The official Version 1 of the Microsoft Malware Protection Center Portal is now live!
You can check it out here: http://www.microsoft.com/security/portal/

Some of the features you asked for and we included are:
Access to our malware encyclopedia.
- When you need to do some research on a particular threat or family you can search or browse our encyclopedia and get the details we’ve written about on it.

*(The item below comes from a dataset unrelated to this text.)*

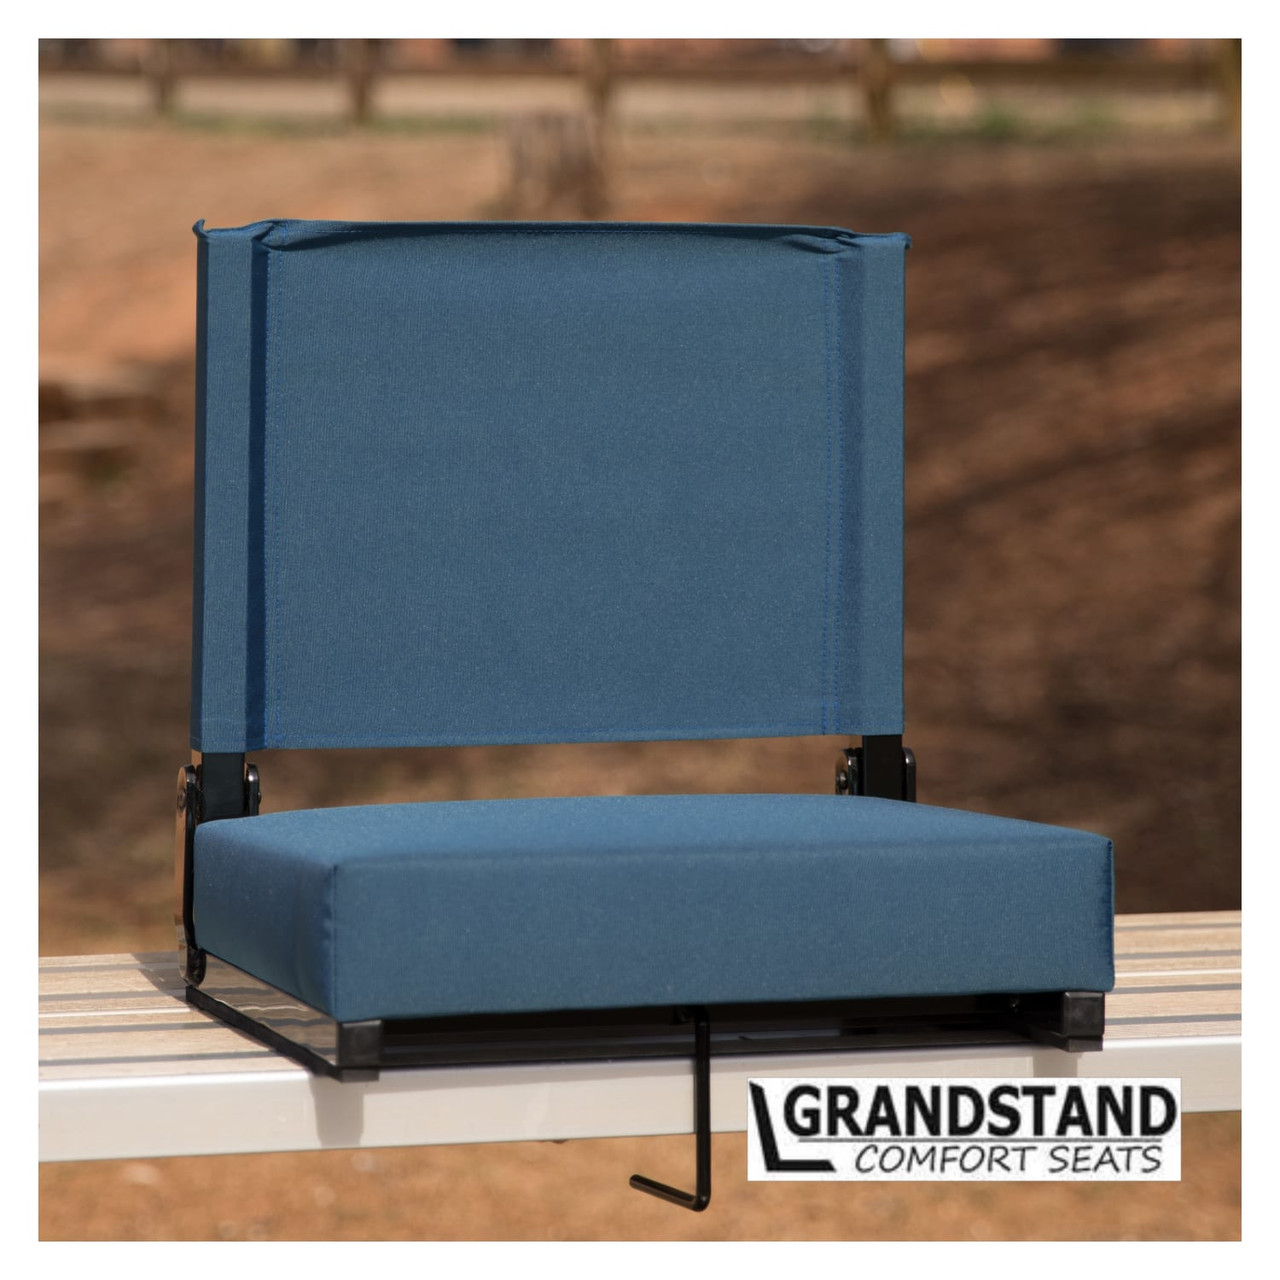 Set of 2 Grandstand Comfort Seats by Flash - 500 lb. Rated Lightweight Stadium Chair with Handle & Ultra-Padded Seat, Teal

Download our antivirus and/or our antispyware signatures.
- We recommend updating daily, the products will do it for you, BUT if want you can do it yourself for the Forefront client or Windows Defender products both the 32 bit and 64 bit systems.

Threat and Potentially Unwanted Software Telemetry.
- The portal provides information on the top threats and potentially unwanted software that we are observing and that’s being reported to us by YOU. Each top ten category provides links to read up on those listed.

Tools and Resources.
- We have a collection of links to tools and resources that we think can be useful and interesting to you including blogs and the Microsoft Security Intelligence Report.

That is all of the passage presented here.